By: Spencer Israel
Saturday’s drone strikes against Saudi Aramco oil facilities in Abqaiq and Khurais has given the oil market a shock the likes of which it hasn’t seen in years, and the ramifications are heavy.
Five percent of the world’s daily oil output has been disrupted, or 5.7 million barrels/day, the biggest disruption in history (and bigger than the 5.6 million b/d disruption during the Iranian Revolution of 1978-79). With half of Saudi Arabia’s oil production offline, oil had its biggest one-day gain since 2008 on Monday, and for a lucky few traders who owned the October $60 call options in WTI futures, their previously worthless contracts were suddenly worth $24 million, per Bloomberg, and the spread between Brent and WTI futures widened by as much as 37%.
Though Saudi officials initially said the lost output would be recovered in a couple of days, it’s now looking like it could take several weeks or longer for production to be fully restored. Whether we end up withdrawing oil from the Strategic Oil Reserve, as President Trump authorized, remains to be seen. There are approximately 1.8 billion barrels held in reserve by governments across the globe, according to Oswald Clint, senior analyst for Bernstein.
Aramco, meanwhile, is considering delaying its long-awaited IPO as they deal with the fallout. Elsewhere, the beaten-down energy sector has suddenly found itself ripping higher. Oil stocks, from Apache to Whiting Petroleum, moved higher across the board, and other assets like gold, bonds, and the Canadian dollar also spiked as a general sense of global uncertainty heightened. Airline and cruise stocks also got hit, as the expected increase in oil costs are likely to have some impact, though the true extent has yet to be seen.

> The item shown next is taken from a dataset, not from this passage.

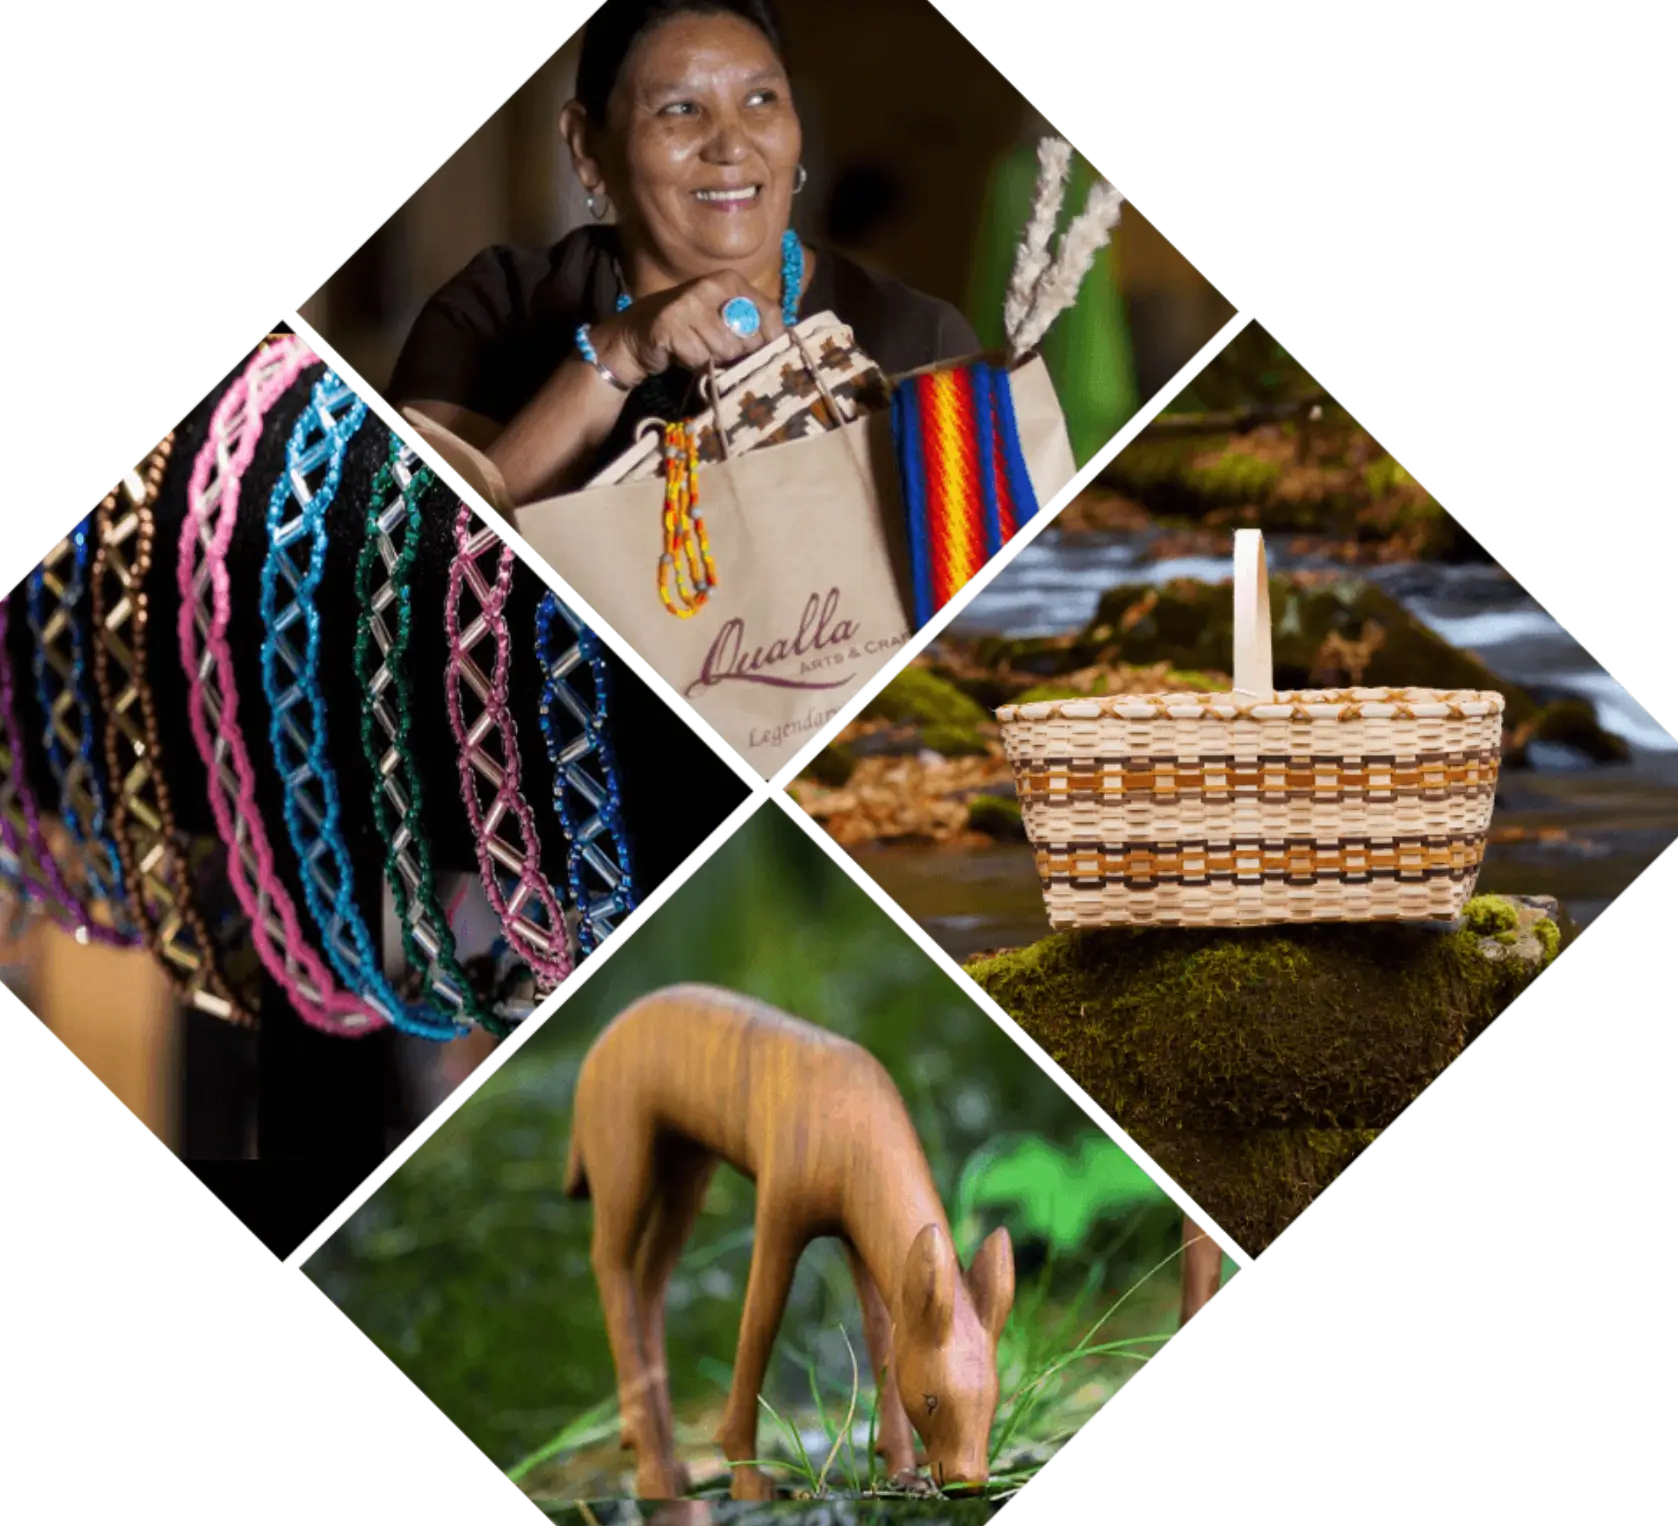 A collage of four images: a smiling woman holding colorful handcrafted bags, a detailed handmade basket on a rock by water, and a wooden carving of a deer in a natural setting.

The biggest takeaway right now is that the market needs to account for increased security risk to the oil markets. As Credit Suisse analyst Saul Kavonic put it, “Political-risk premiums are now back on the oil-market agenda.” Mizuho quantified that increased risk as an added $5 per barrel. Goldman Sachs estimated that if oil production remained down for more than six weeks, Brent futures would likely rally to $75 per barrel.
Standard & Poor’s called it back to the U.S. economy, saying “One of the biggest factors playing into our current economic outlook is uncertainty, and along with a heightened level of this, higher oil prices may be just one more nail in the coffin for this current US expansion.”
While it’s too early to tell just how long it will take to recover, we can now add oil to the list of fears this market has. In the meantime, this is just one more thing for the FOMC to address when they meet this week.